It was Mariah and I against the world for the first five years of her life. She was my Junior and wore all the confidence that I lacked. A force like a tornado who could clear the room with her smiling personality. She was the first person I talked to after finding out that Liberty was a possibility. After being reassured that I wouldn’t be able to get pregnant several times, this was revelatory. Mariah was by side as Liberty came into this world. (My mom was there as well.)
I was and am amazed at the connection these girls have. It was during Mariah’s senior year that we saw that Liberty’s speech, handwriting and eating habits change. We thought that anxiety over her sister leaving for college and all the changes were causing Liberty to stress in major ways. Then within the first twelve weeks of Liberty’s 7th grade year and Mariah’s first year of college we were heading to our first children’s hospital.

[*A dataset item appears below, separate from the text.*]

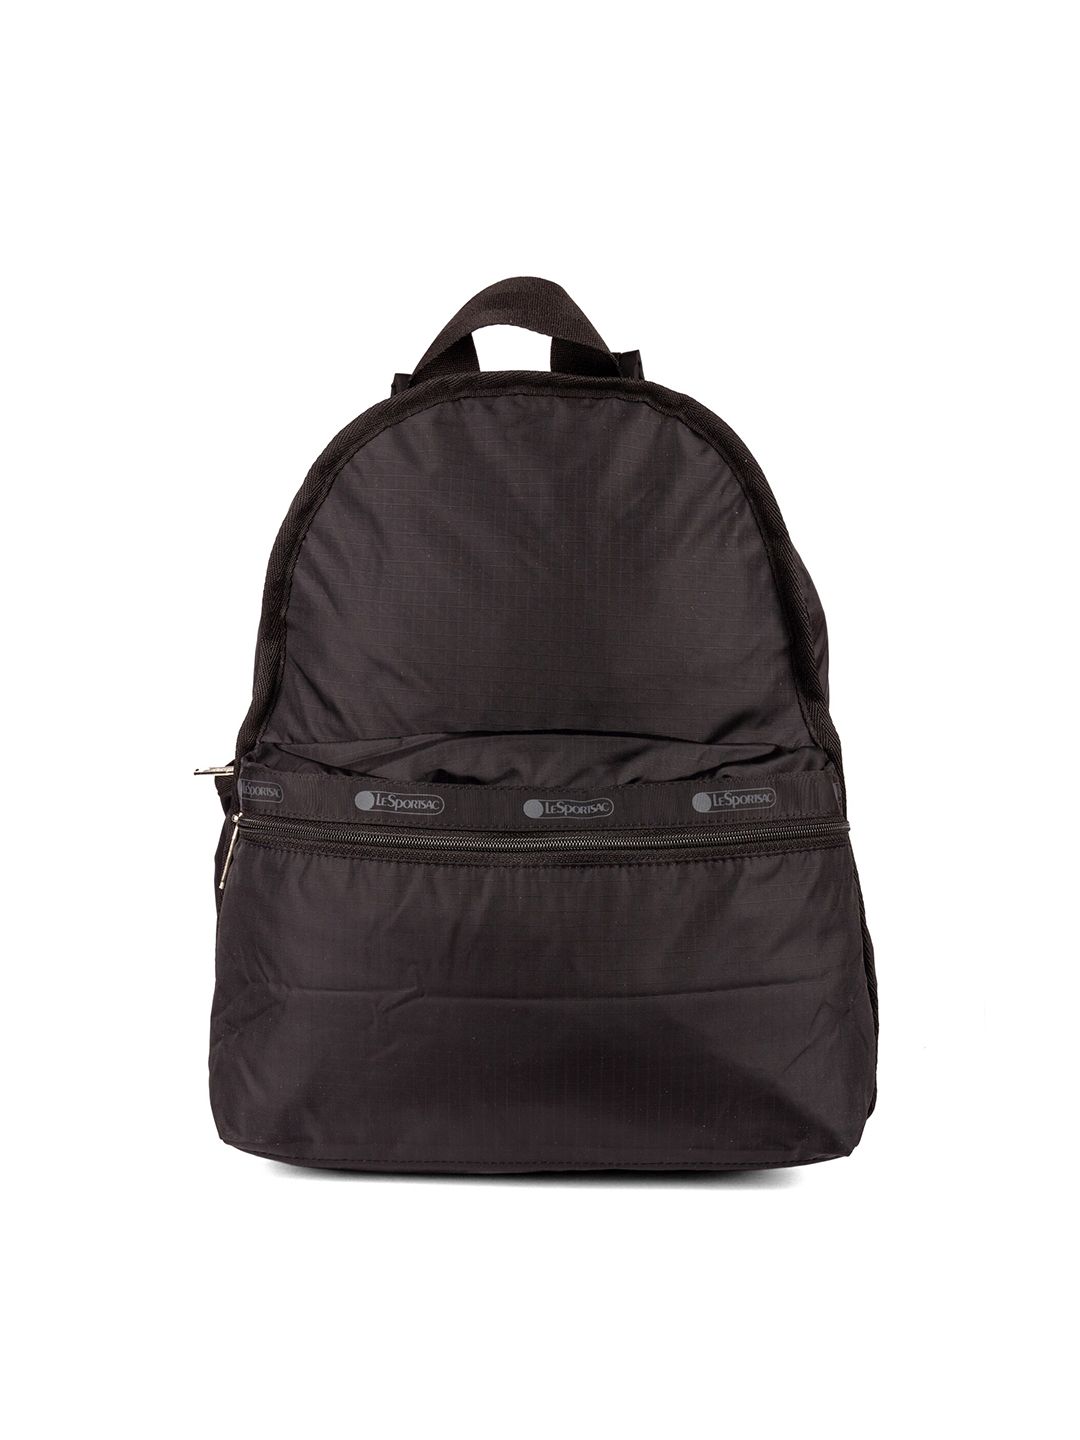 LESPORTSAC Basic Range Black Color Soft One Size Backpack Price in India

Liberty’s health didn’t improve and Mariah, ever the loving and amazing sister, wanted to schedule her classes around therapy and other appointments. I prayed and cried a lot then moved my beloved Mariah into the dorms. This was a very hard step to take. In my mind I had to try to protect Mariah from what I feared was ahead. She had to have a chance at a life outside of her sister’s diminishing health.
Over time, it felt like Mariah and I were severed. I struggled to hang on to Libby, to work, to family, to my love and to my life. I struggled and felt as if I had lost my oldest. My fear of losing her fostered an environment where Mariah wanted to prove to me that she was okay. She lied. And I believed her and lied to myself. Her sister went from vibrant, brilliant and funny to losing motor skills daily- how could she be okay. Now I know that Mariah was angry. And she had a right to be. She stayed angry for many years. She was angry at so much including God. Now I know that was a reasonable reaction.
Now I know that I failed Mariah. I failed to support Mariah in ways that she needed and for that I am terribly sorry. I failed. Hope failed her. She drifted and landed, drifted and landed in an almost Gypsy-like manner for years.
Now I know that she was grieving. She lost the sister she had, yet her sister was still here- needing her. That’s hard. And terrible. Completely. Unfair with a heavy dose of sucks.
In Mariah’s own words: “watching Libby get sick and watching what it did to our family killed me. For a long time I ran. I ran from our family. I ran from joy. I ran from God, and I ran from Libby. I was so mad at the fact that I got to live and experience my life, that I subconsciously worked to destroy it. I lied. I hated. I hurt people.” She was in so much pain.
Over more time, I found my way to Mariah, or she found me. It came as the blessed guise of me needing help watching Libby a couple days a week so I could work after Liberty’s graduation from high school. Since then, I have been able to see Mariah every week and she gets to interact and take care of her sister. Watching them together is awe inspiring. Mariah is able to get responses from her sister that I’ll never get even though Libby is now down to one syllable responses now. They communicate in a way I don’t understand- always have.
Mariah has continued to grow in a way that is smart, funny, hard working and most of all caring. I describe Mariah today as my Lion’s mane of a daughter who says the things I can’t and handles her life in amazing ways. She is the best parts of me and so much more. Her strength is a gift and her faith is what I have prayed for so many times. I am eternally grateful that she found her way back to faith. She is half of the amazing part of me and all of a blessed God. As Mariah began planning this wedding she commented that this wedding was for both she and Liberty. Her desire was for Liberty to feel the love that both she and Derrick have for her. This is something I couldn’t even think about. Amongst all the losses with Liberty is this fact: she will never be married or even know that kind of love. Damn. Yet because of a sister’s strength, Liberty was included and is completely enamored with her now brother, Derrick.
They can’t be serious around each other.
And this is her mom’s story of how she walked down the aisle to marry this wonderful man, Derrick Neusch, finally balanced with him.
After all of this, how wonderful it is to know that this woman believes in love. And hope. And a tomorrow that is blessed. I am grateful and humbled to a be a part of Mariah’s life. And can’t wait to see how she and Derrick change their world. Mariah says that she “found another beautiful and loving family to add to our own.” May their union be blessed and their love a blessing to both families who are now joined. My love, I am and always will proud to be your mother. Grab his hand and go kick the world’s ass!
**None of the wedding pictures are professional; those photos are on their way.
**Mariah gave her consent over this writing and she will be the final editor.